Canadians from Hong Kong, Tibet and Taiwan, as well as Uyghurs and other Turkic minorities from China’s Xinjiang region now living in Canada, have all reported harassment from Beijing or proxies acting for the Chinese government. As Amnesty International and other rights watchdogs have documented, the Chinese government regularly uses relatives in mainland China to bend people in Canada to its will, including pressing them to return to face reprisals in their homeland.

The 2023 budget is also tightening anti-money laundering laws to make it harder for Beijing or Moscow to use Canada’s financial system to bankroll foreign interference in Canada. Ottawa said the budget will strengthen the investigative, enforcement and information-sharing tools of the national anti-money laundering network.

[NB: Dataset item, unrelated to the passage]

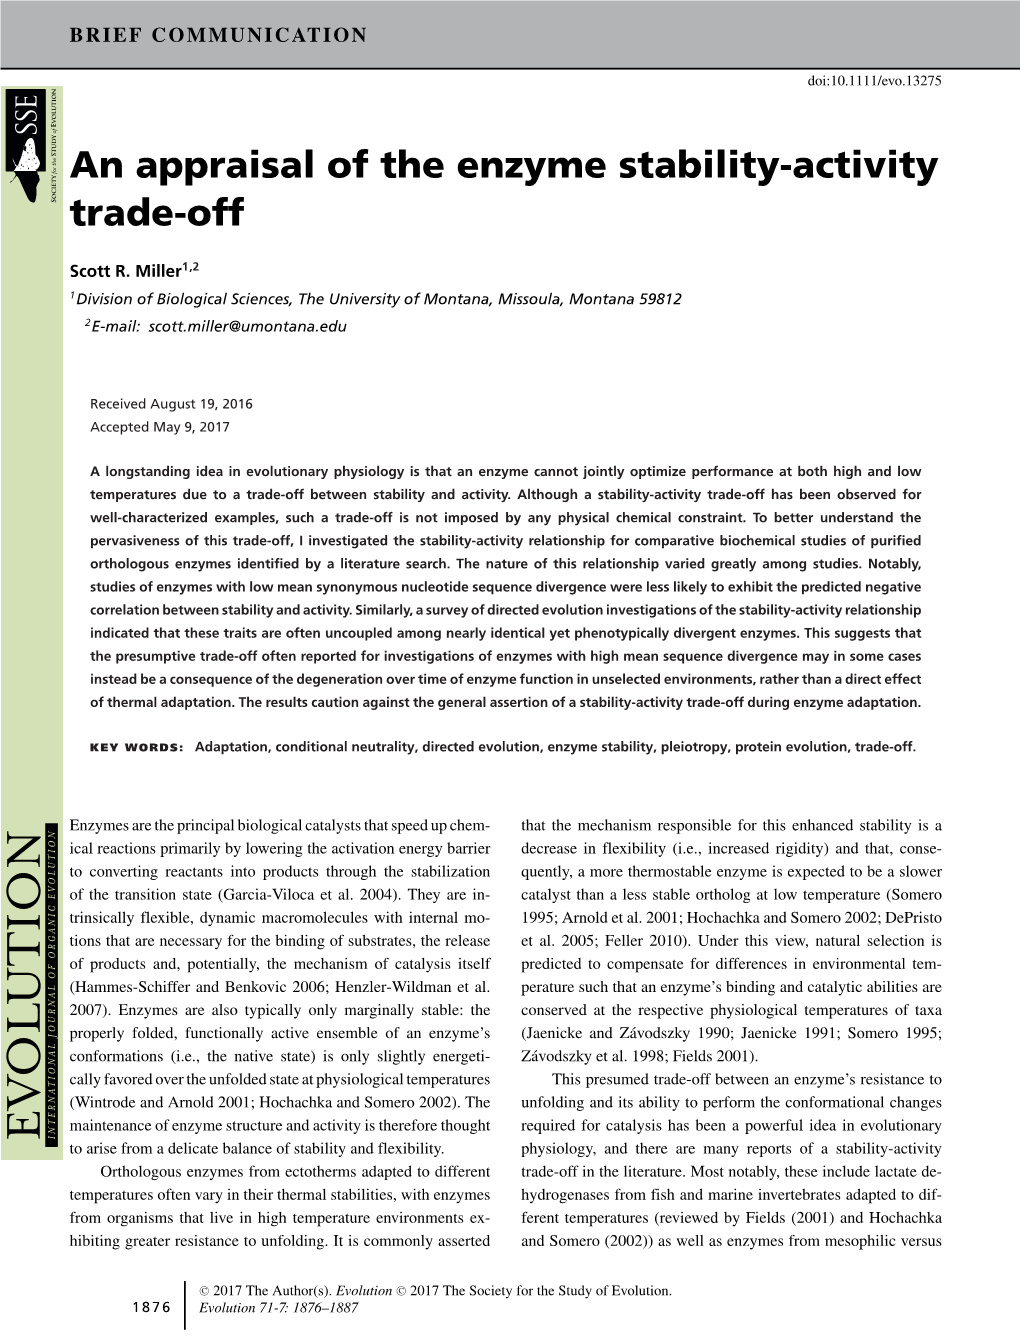 An Appraisal of the Enzyme Stability-Activity Trade-Off

Measures include adding a new offence for structuring financial transactions to avoid reporting obligations to the anti-money laundering watchdog, the Financial Transactions and Reports Analysis Centre of Canada, known as FINTRAC.

“Canada must not be a financial haven for oligarchs or the kleptocratic apparatchiks of authoritarian, corrupt or theocratic regimes,” the government said.

Separately, citing China’s human-rights abuses in Xinjiang, where forced labour is used, Ottawa pledged to eradicate goods made with slavery from Canadian supply chains.

It said it would introduce legislation by 2024 to strengthen an existing ban on import of goods made with forced labour. “Canada is gravely concerned by the ongoing human-rights violations against Uyghurs and Muslim minorities in China, as well as by the use of forced labour around the world,” the government said.

In 2021, Parliament adopted a motion declaring that China’s repression of Uyghurs in Xinjiang amounted to genocide.

Stephanie Carvin, an associate professor of international relations at Carleton University’s Norman Paterson School of International Affairs and a former national security analyst, questioned the decision to give the Mounties money to fight foreign harassment of diaspora groups.

“Given the RCMP’s poor track record of prosecuting national security crimes, including foreign interference, it’s not clear to me this will fix the problem,” she said.